** COLLECTED DATA **
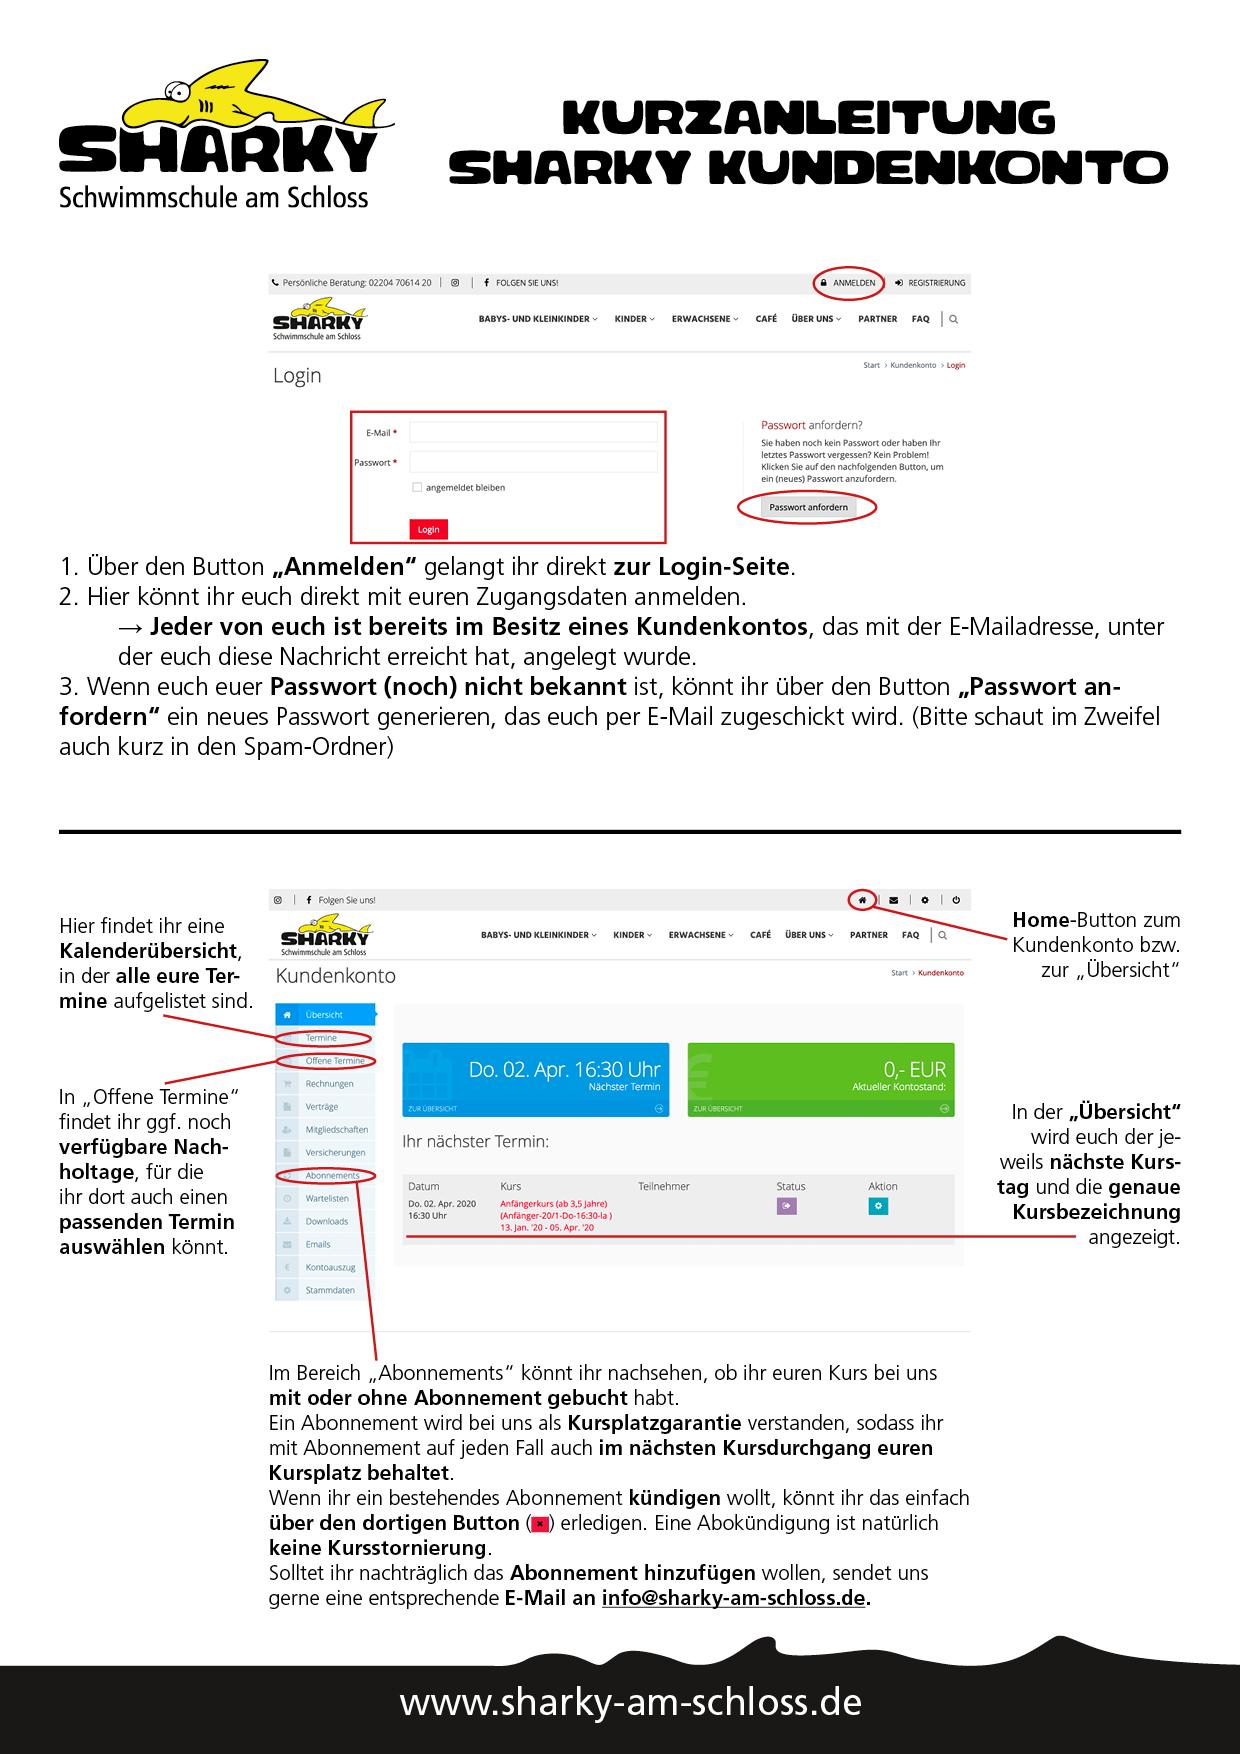 Anmeldung/Registrierung
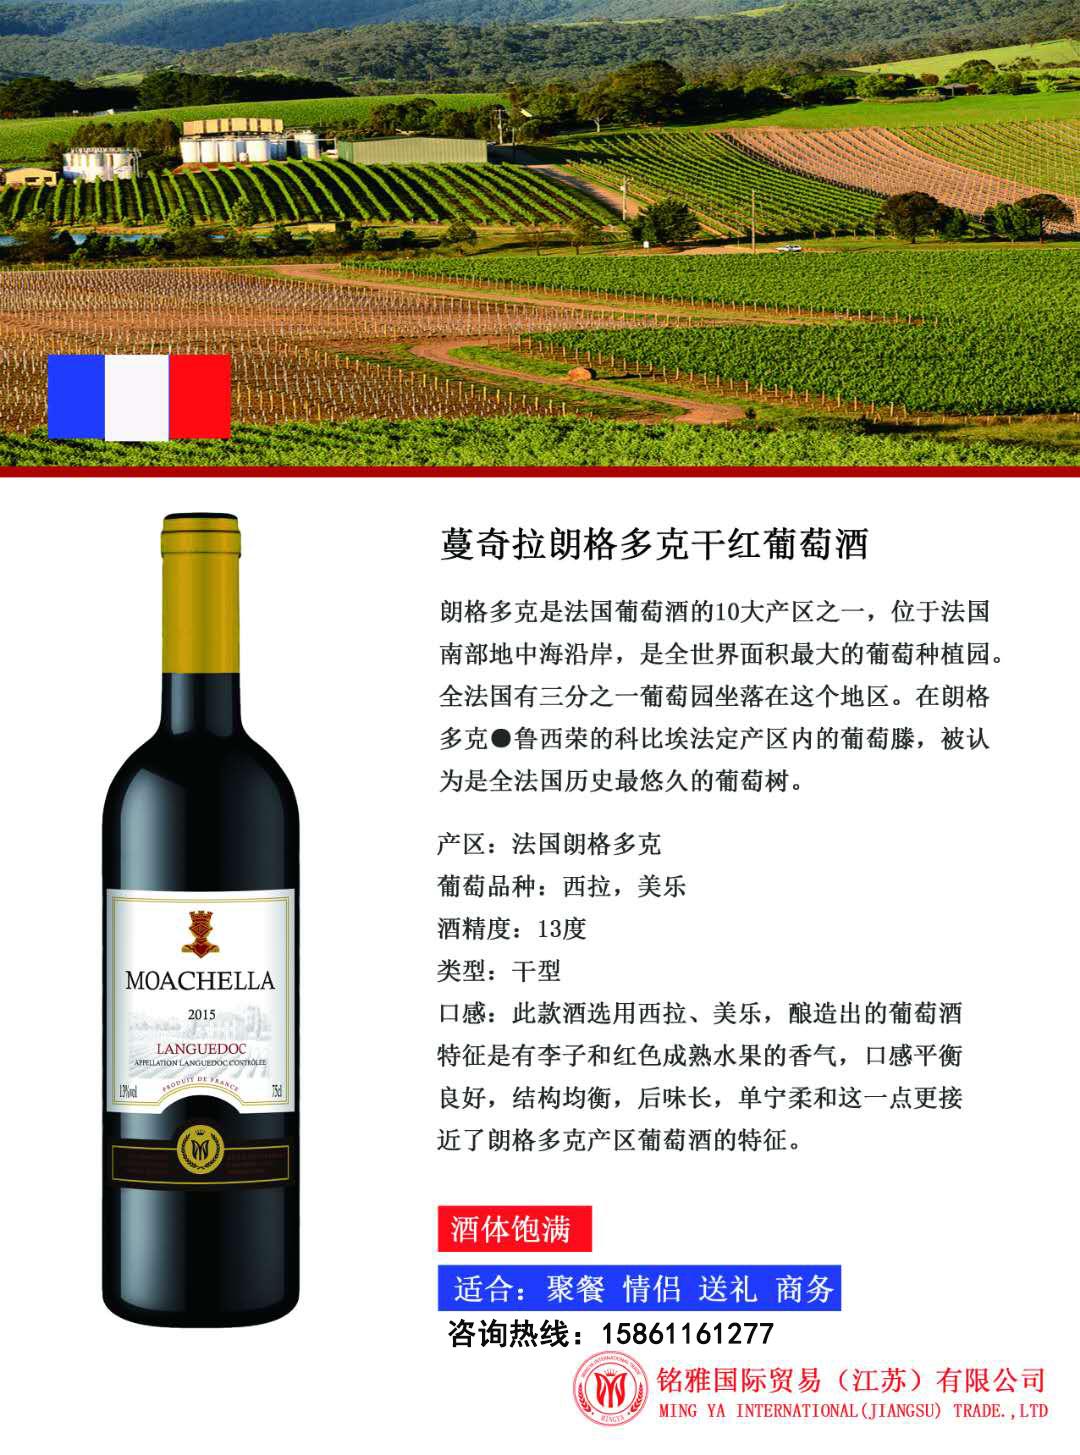 蔓奇拉郎格多克干红葡萄酒厂家直销 干红葡萄酒生产厂家 干红葡萄酒制造商 干红葡萄酒价格
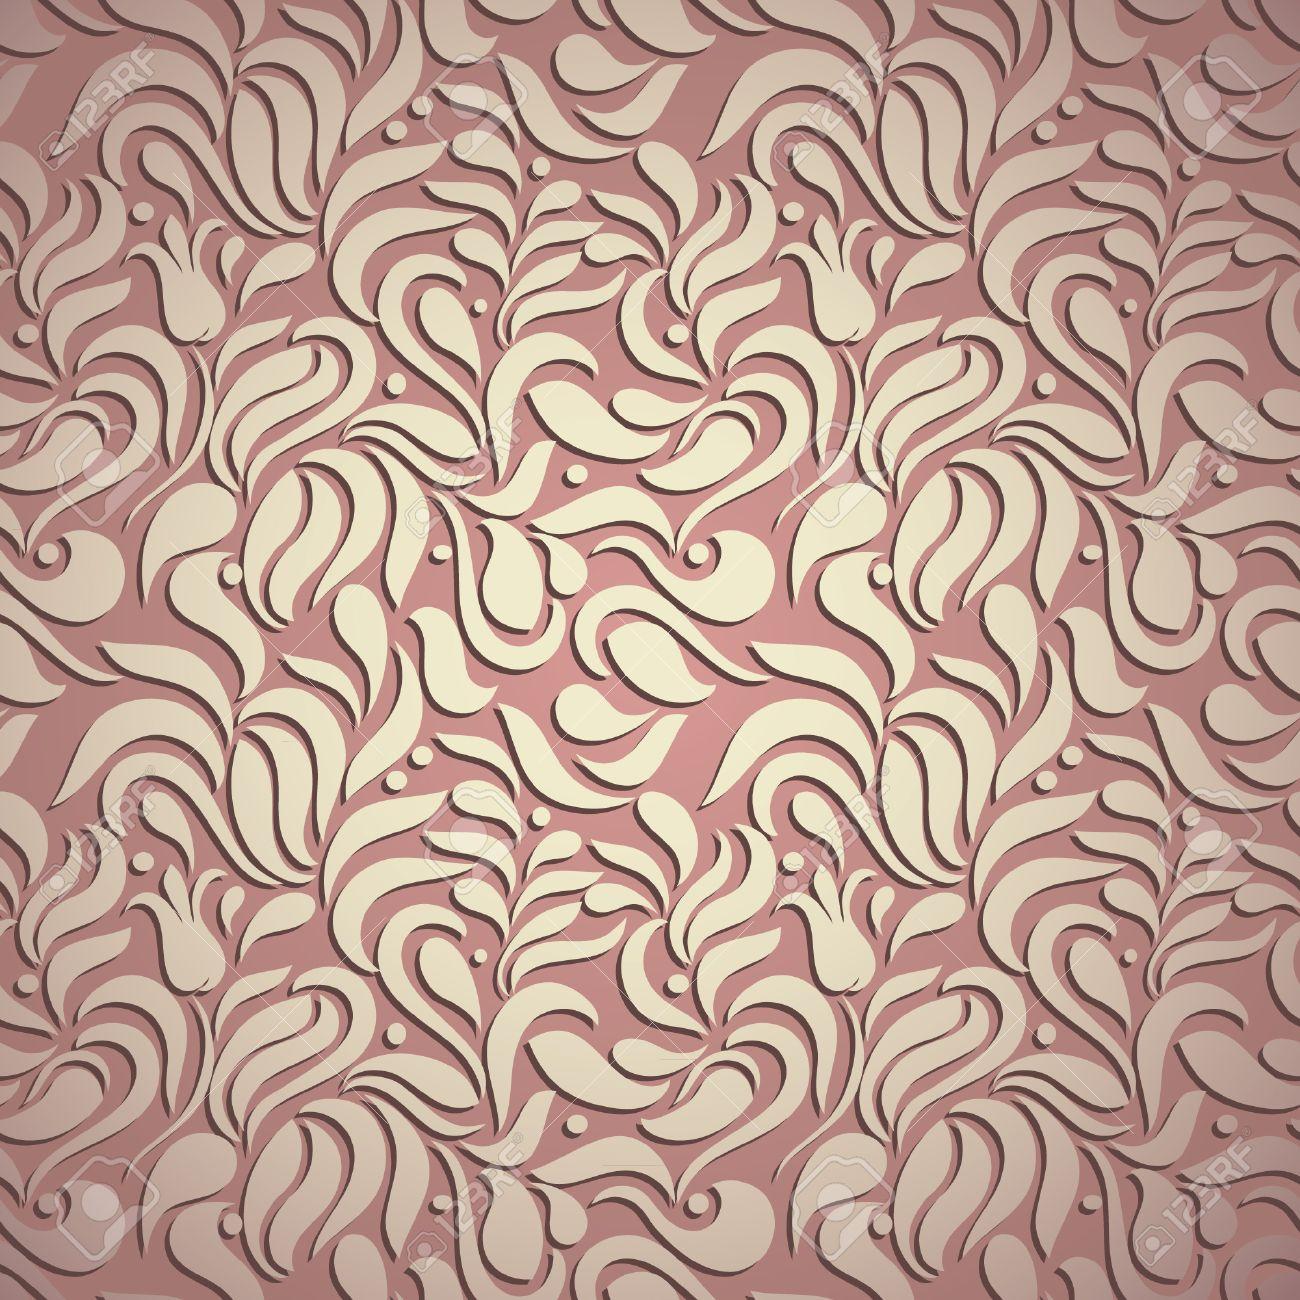 Tourbillons Floral élégants Et Modernes De Luxe Papier Peint Rose

** TASK **
Each line above gets copied exactly; leave the pictures out.

** ANSWER BELOW **
 Anmeldung/Registrierung
 蔓奇拉郎格多克干红葡萄酒厂家直销 干红葡萄酒生产厂家 干红葡萄酒制造商 干红葡萄酒价格
 Tourbillons Floral élégants Et Modernes De Luxe Papier Peint Rose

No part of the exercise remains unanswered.